Conflict Management


Conflict Management Training

 

 

This highly interactive workshop often focuses on cultural conflicts, however, most conflicts tend to have a cultural dimension based on styles differences, age, gender, race/ethnicity, and a host of other variables.  The training includes skills to manage conflicts by recognizing possible sources of disagreements, discovering new ways to respond to disagreements.  All instructors of this topic are Certified Mediators who have worked in a variety of situations.

This workshop uses a carefully researched Conflict Styles Inventory that allows participants to self-identify which of five common styles they prefer to cope with conflict, based on their responses to the inventory. The inventory further identifies which conflict style the respondent prefers during interactions referred to as “Calm” and “Storm.” Anxiety and frustration may cause a “calm” conflict to escalate to “stormy.”

Executive Businessman

Participants learn what to do at those times when their own conflict style contrasts with the style(s) preferred by customers, coworkers, managers, and others. Activities, exercises, and case studies, help participants practice how to adapt or modify their own conflict style in order to alleviate further conflict and reach a positive conclusion.

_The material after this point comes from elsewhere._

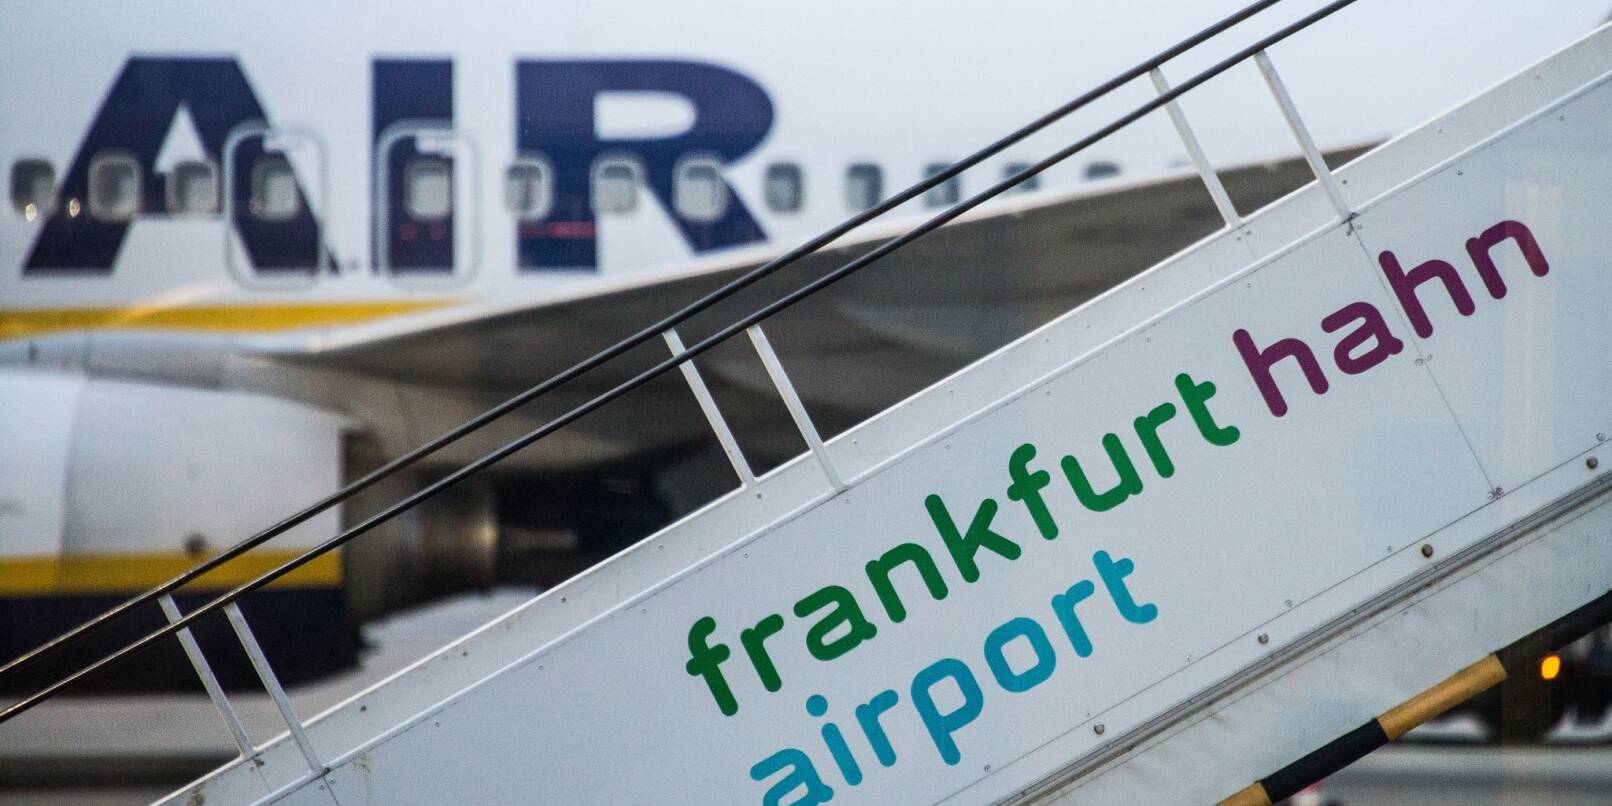 Der Hunsrück-Flughafen Hahn hat mit der Trierer Triwo AG einen neuen Besitzer.

“The class appreciated your interactive style and the pace
of the presentation.  You raised the group’s awareness of
the importance to understand not only our own conflict style,
but also the style of the people we deal with.”

Lynn Norman, Administrative Director
Leadership Institute of South Puget Sound

This session includes strategies to help individuals talk through and resolve cultural conflicts caused by diverse viewpoints that may be influenced by race, gender, age, religion, sexual orientation, and other differences.

Instructed by a certified mediator and pioneer in the concept of Cultural Mediation, the practice was mastered after Lonnie Lusardo’s research in South Africa.  Cultural Mediation is a combination of practices conducted by the (South African) Truth and Reconciliation Commission and the Quaker Peace Centre of Cape Town.